=== Work instructions ===
Write out the entries below exactly, but only from the line containing "ESA-Chef Jan Wörner" through the line containing "Milky way шоколадный", and without the pictures.

=== Data provided ===
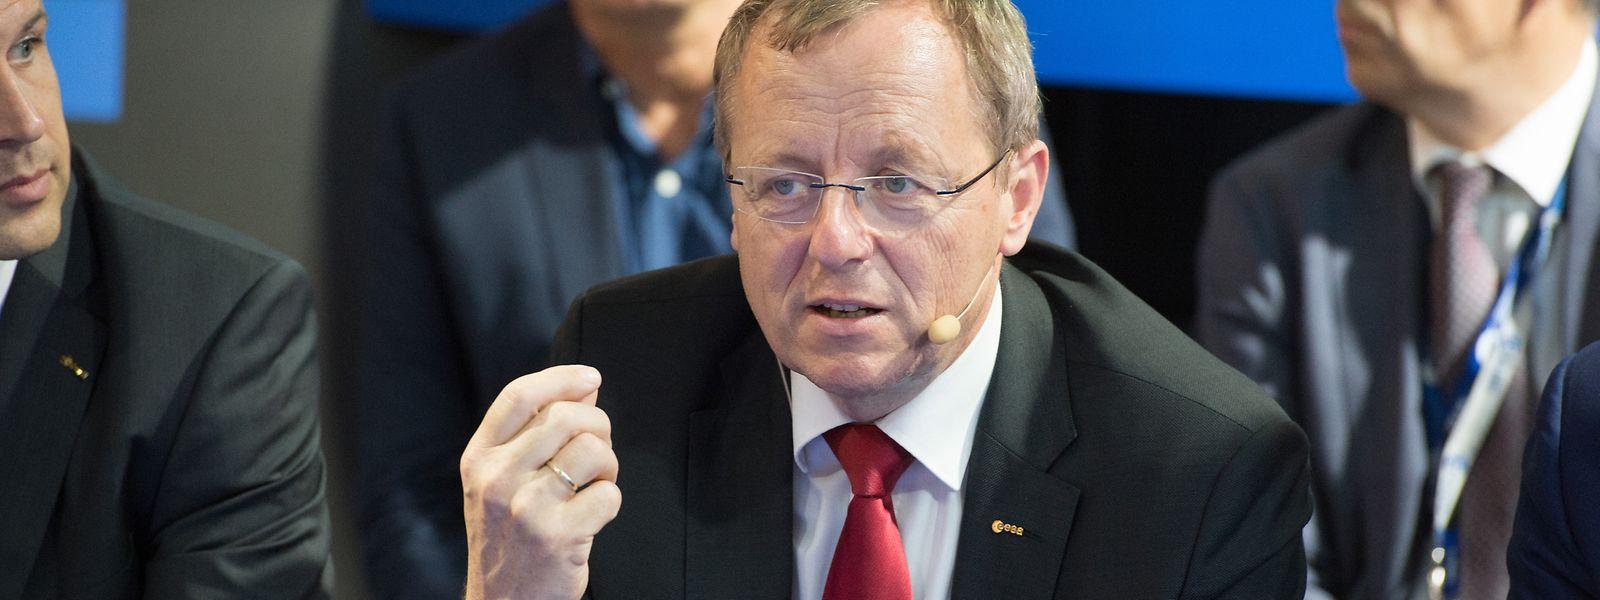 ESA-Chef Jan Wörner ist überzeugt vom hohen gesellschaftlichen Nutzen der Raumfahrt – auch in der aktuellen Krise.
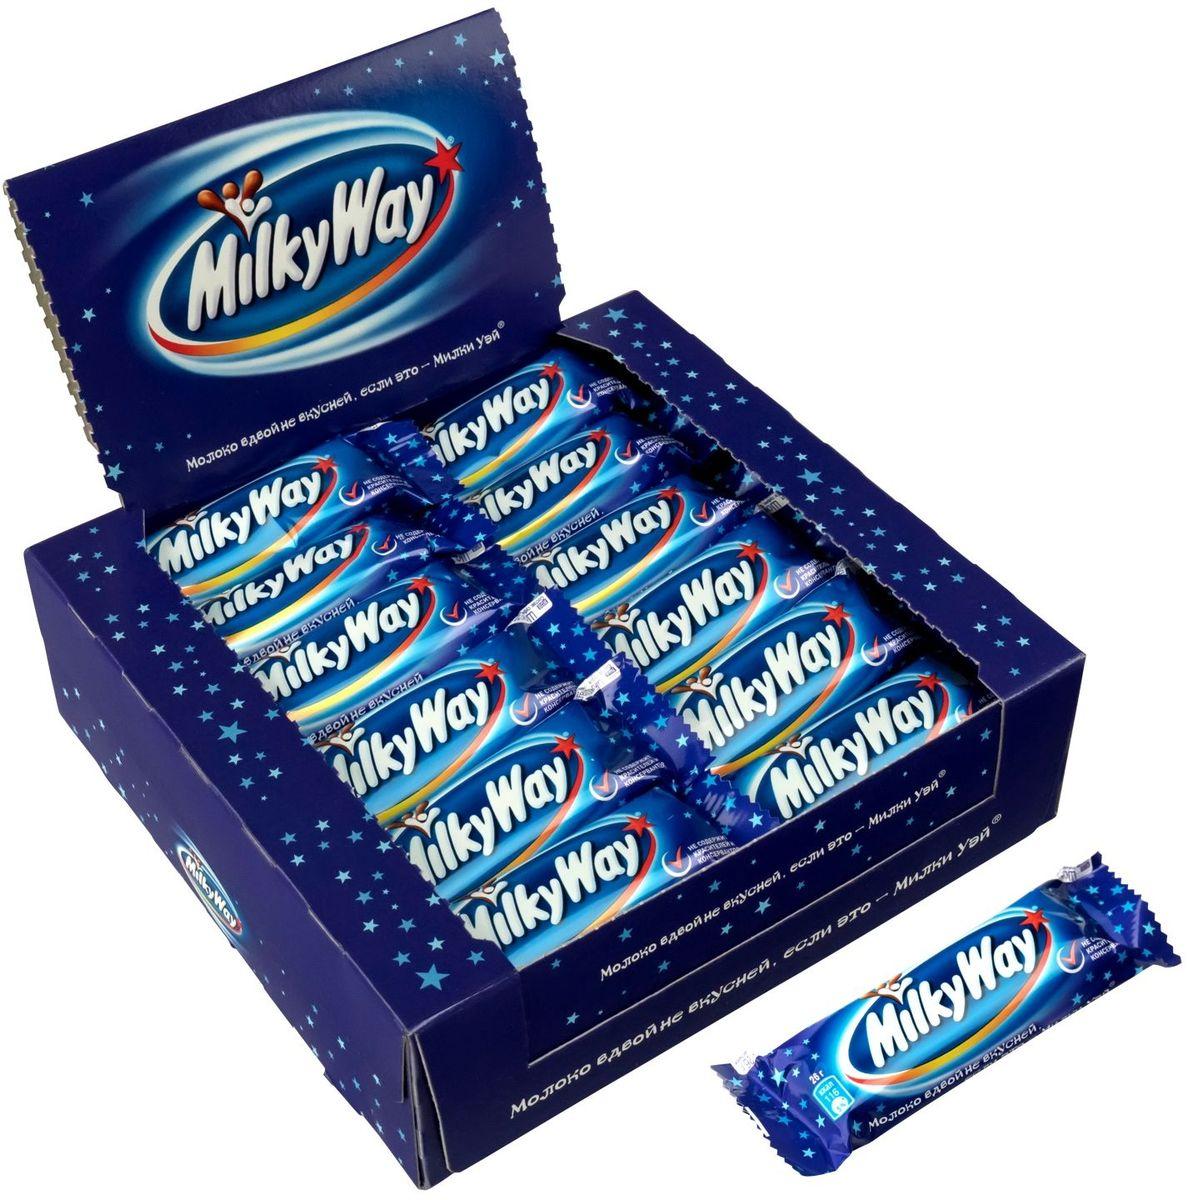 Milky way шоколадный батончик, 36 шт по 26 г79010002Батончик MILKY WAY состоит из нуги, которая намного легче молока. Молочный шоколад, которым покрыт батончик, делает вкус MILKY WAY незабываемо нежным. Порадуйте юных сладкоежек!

==

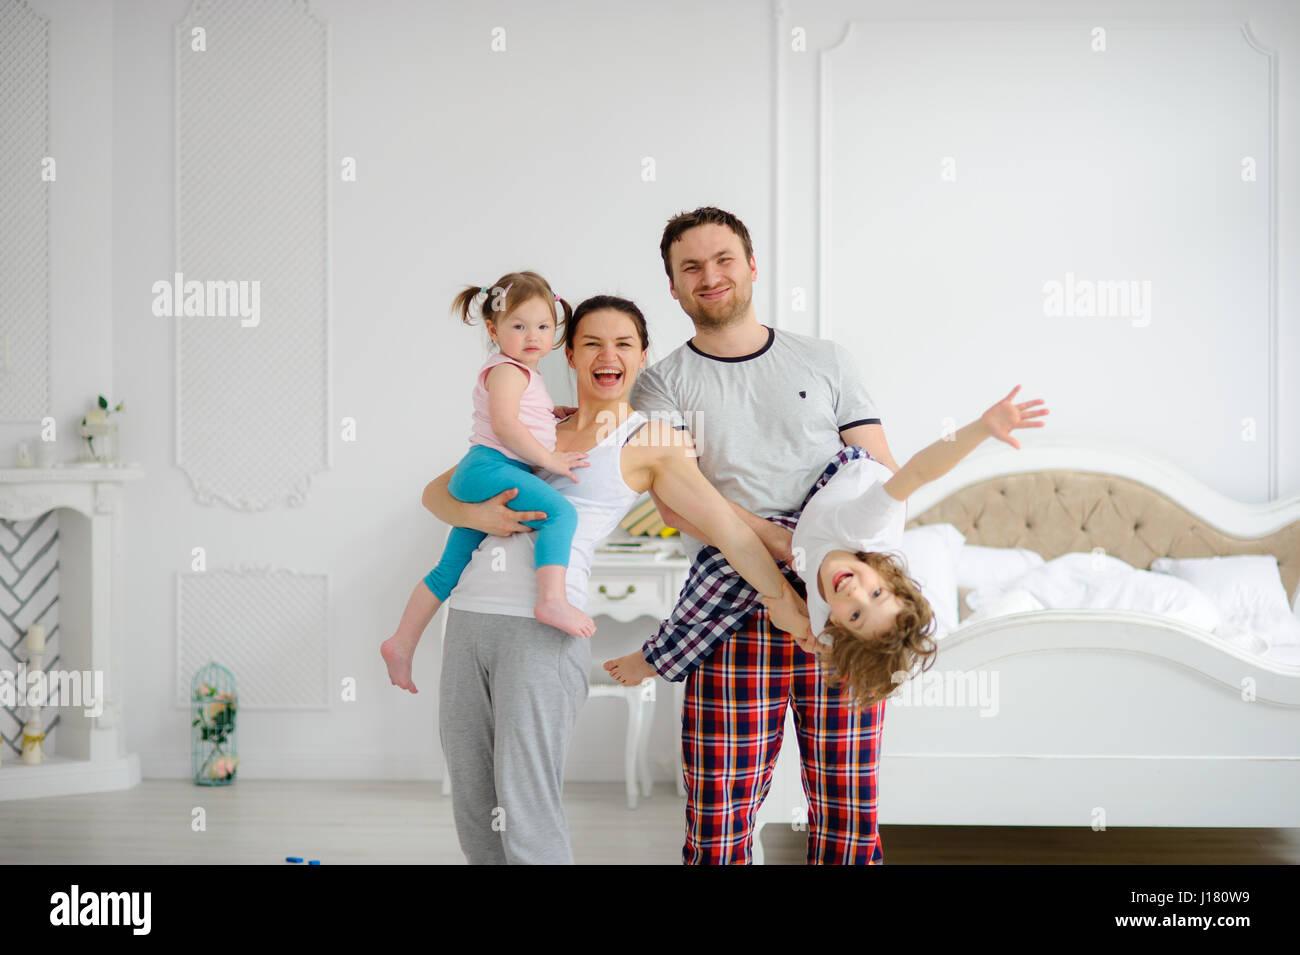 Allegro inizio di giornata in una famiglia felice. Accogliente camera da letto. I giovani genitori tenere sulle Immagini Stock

--

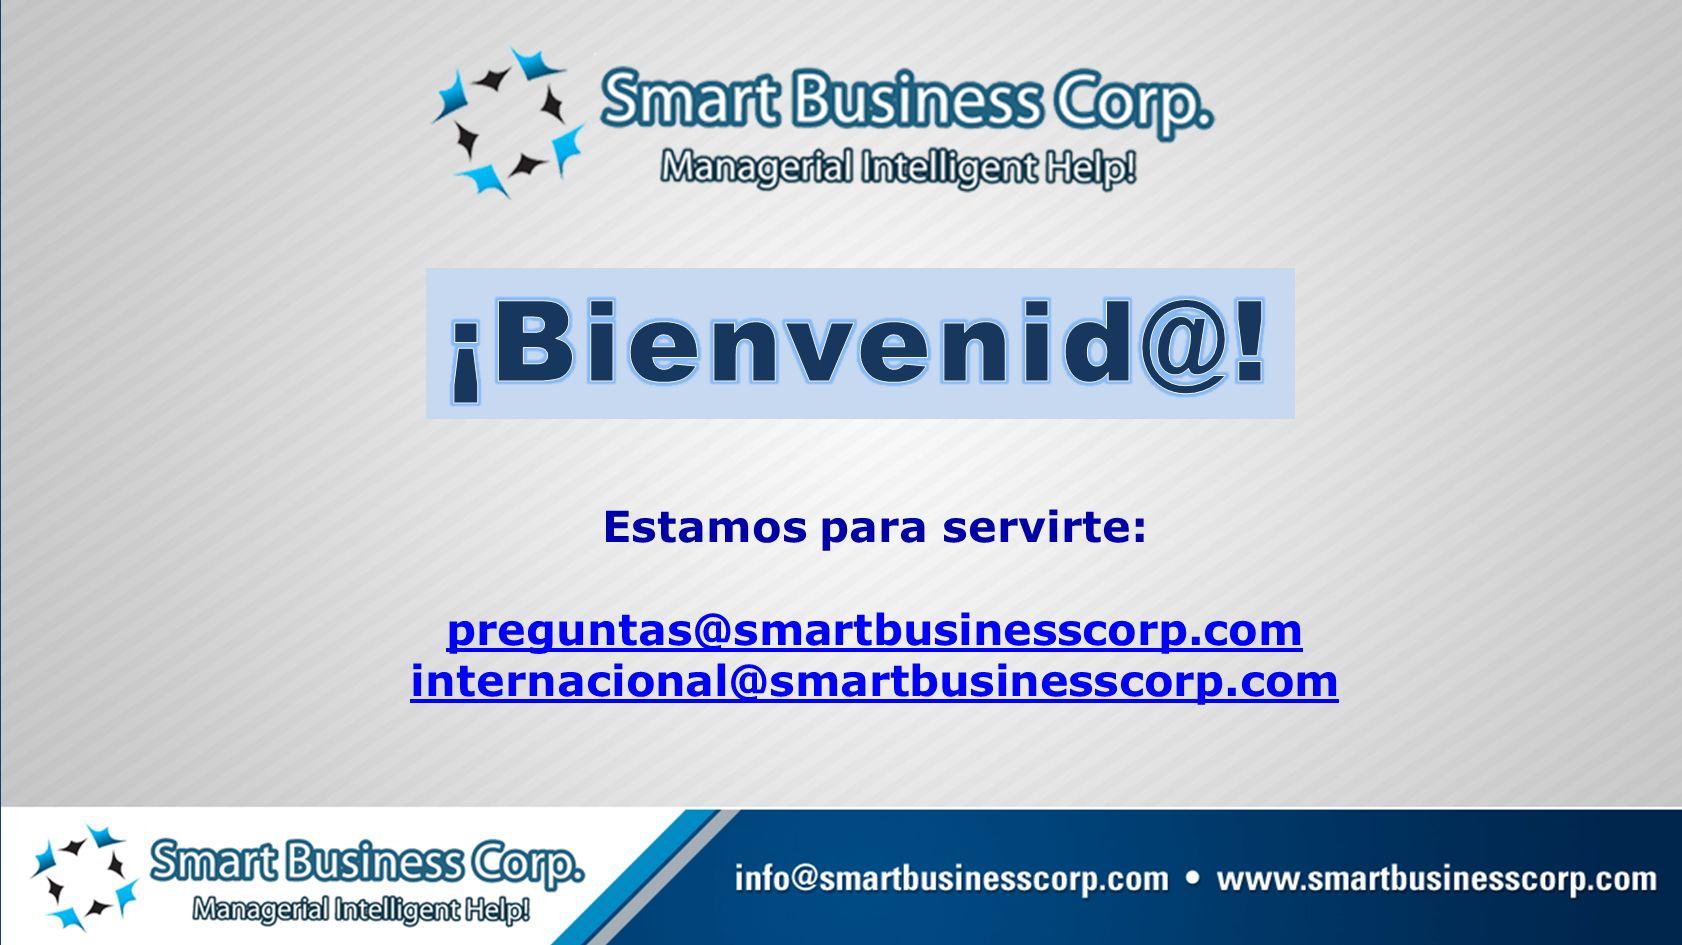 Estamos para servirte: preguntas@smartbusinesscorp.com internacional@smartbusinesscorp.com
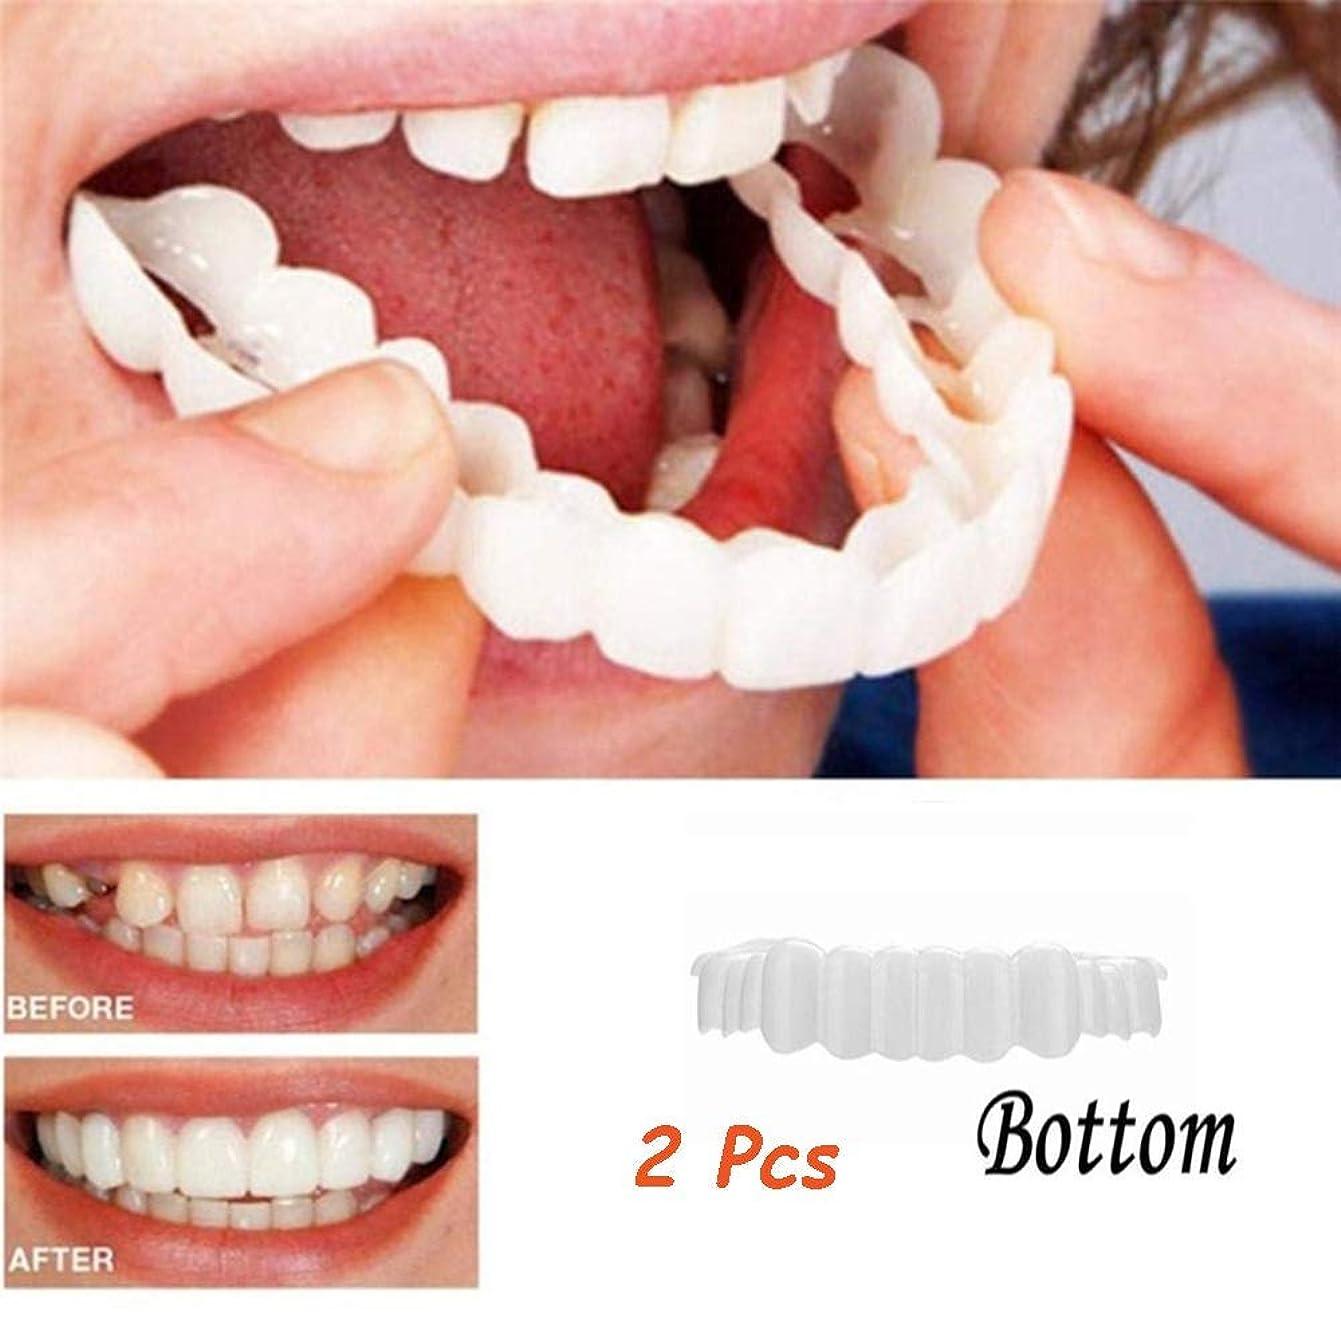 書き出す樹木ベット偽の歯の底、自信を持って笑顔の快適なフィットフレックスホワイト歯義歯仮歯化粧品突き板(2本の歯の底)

=== Your solution ===
 ESA-Chef Jan Wörner ist überzeugt vom hohen gesellschaftlichen Nutzen der Raumfahrt – auch in der aktuellen Krise.
 Milky way шоколадный батончик, 36 шт по 26 г79010002Батончик MILKY WAY состоит из нуги, которая намного легче молока. Молочный шоколад, которым покрыт батончик, делает вкус MILKY WAY незабываемо нежным. Порадуйте юных сладкоежек!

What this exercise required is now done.